Fast Company reporter Steven Melendez writes that CSAIL researchers have created a new system that allows a robot to detect human brainwave patterns so it knows when it made a mistake. Melendez explains that, “Teaching robots to understand human nonverbal cues and signals could make them safer and more efficient at working with people.”

Wired

In an article published by Wired, Jordana Cepelewicz highlights a study co-authored by Prof. Earl Miller that examines the capacity limit for the human brain’s working memory.

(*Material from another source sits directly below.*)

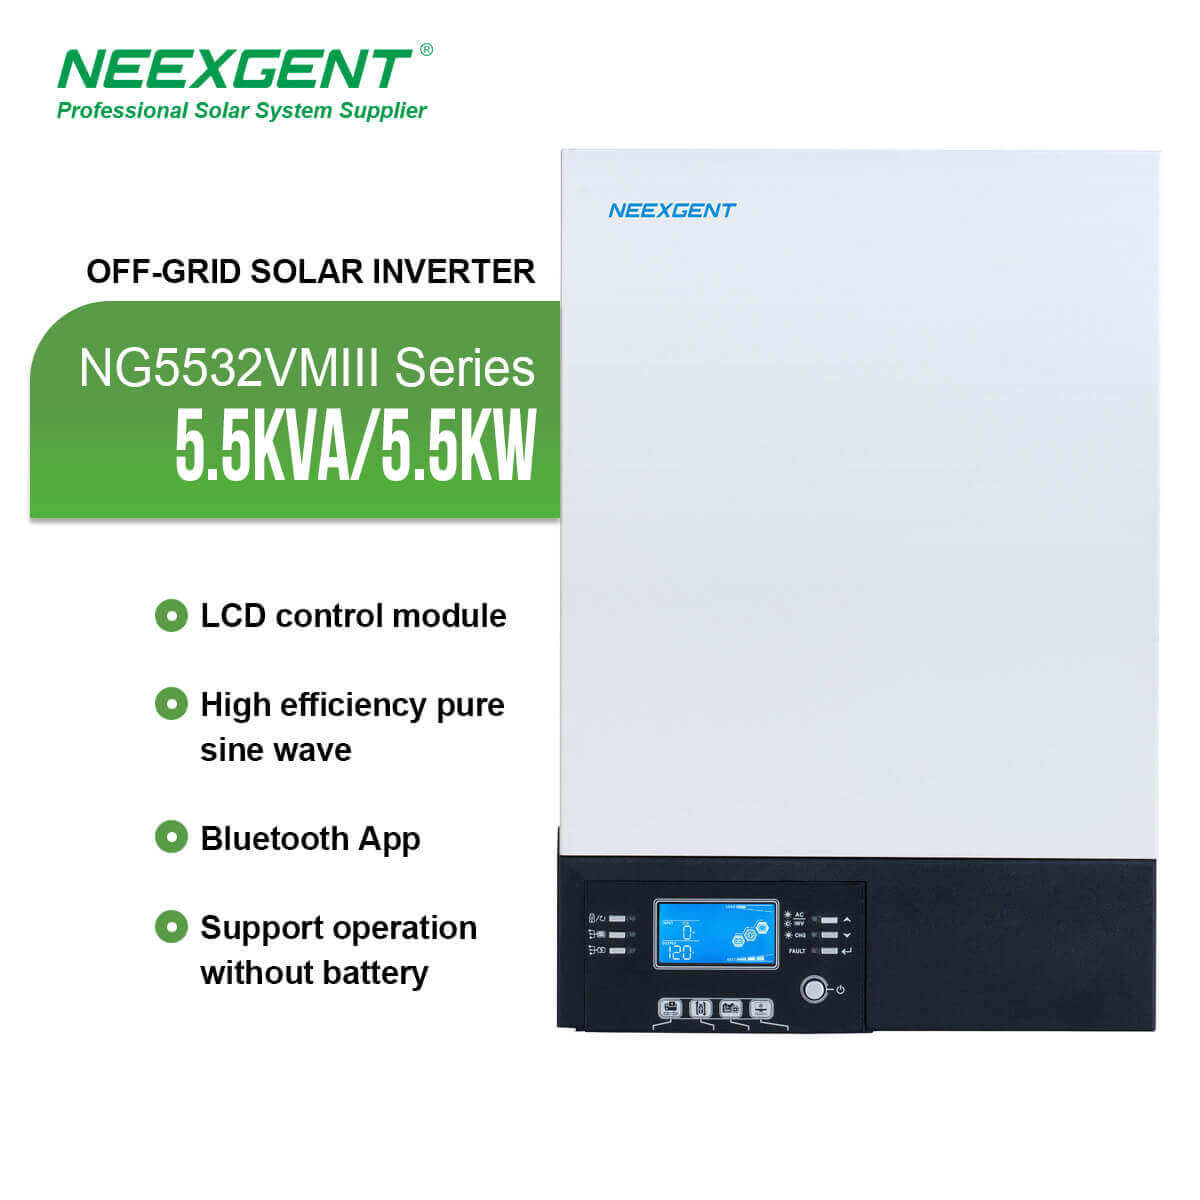 Choosing the Perfect Solar Inverter

Cepelewicz explains that the research, “not only provides insights into memory function and dysfunction, but also offers further evidence for a burgeoning theory of how the brain processes information.”

Boston Globe

Cate McQuaid of The Boston Globe reviews an MIT Museum exhibit showcasing the drawings of neuroscientist Santiago Ramón y Cajal. Paired with contemporary brain imaging, the exhibition lets observers, “vault through illuminated brain matter as if you were the USS Enterprise shifting into warp drive,” writes McQuaid.

Xinhuanet

A new study by MIT scientists shows how two proteins work to ensure that memory is encoded within minutes, according to Xinhua. The study, “also provided new hints about how problems involving these two proteins in other parts of the brain, such as the frontal cortex, could undermine cognition in those diseases.”

WBUR

WBUR’s Maria Garcia explores an exhibit at the MIT Museum of Santiago Ramón y Cajal’s drawings of the human brain. Prof. Robert Desimone, director of the McGovern Institute for Brain Research, explains that, “there's no question that these kinds of circuit diagrams that Cajal was giving us are telling us a great deal about what makes us, us."

CommonHealth (WBUR)

WBUR’s Carey Goldberg recommends a video with neuroscientists at the McGovern Institute “for a quick, light and smart explanation” of the ‘Yanny vs. Laurel’ debate. “The same acoustic information is hitting everyone’s ears,” says graduate student Kevin Sitek. “But the brain is then going to interpret that differently, based on experience.”

Quartz

“The Beautiful Brain: The Drawings of Santiago Ramón y Cajal” is currently on exhibit at the MIT Museum through the end of 2018. The show features drawings by Cajal that “so effectively illustrate now-basic neurological concepts that they are still used in neuroscience textbooks today,” writes Zoë Schlanger for Quartz.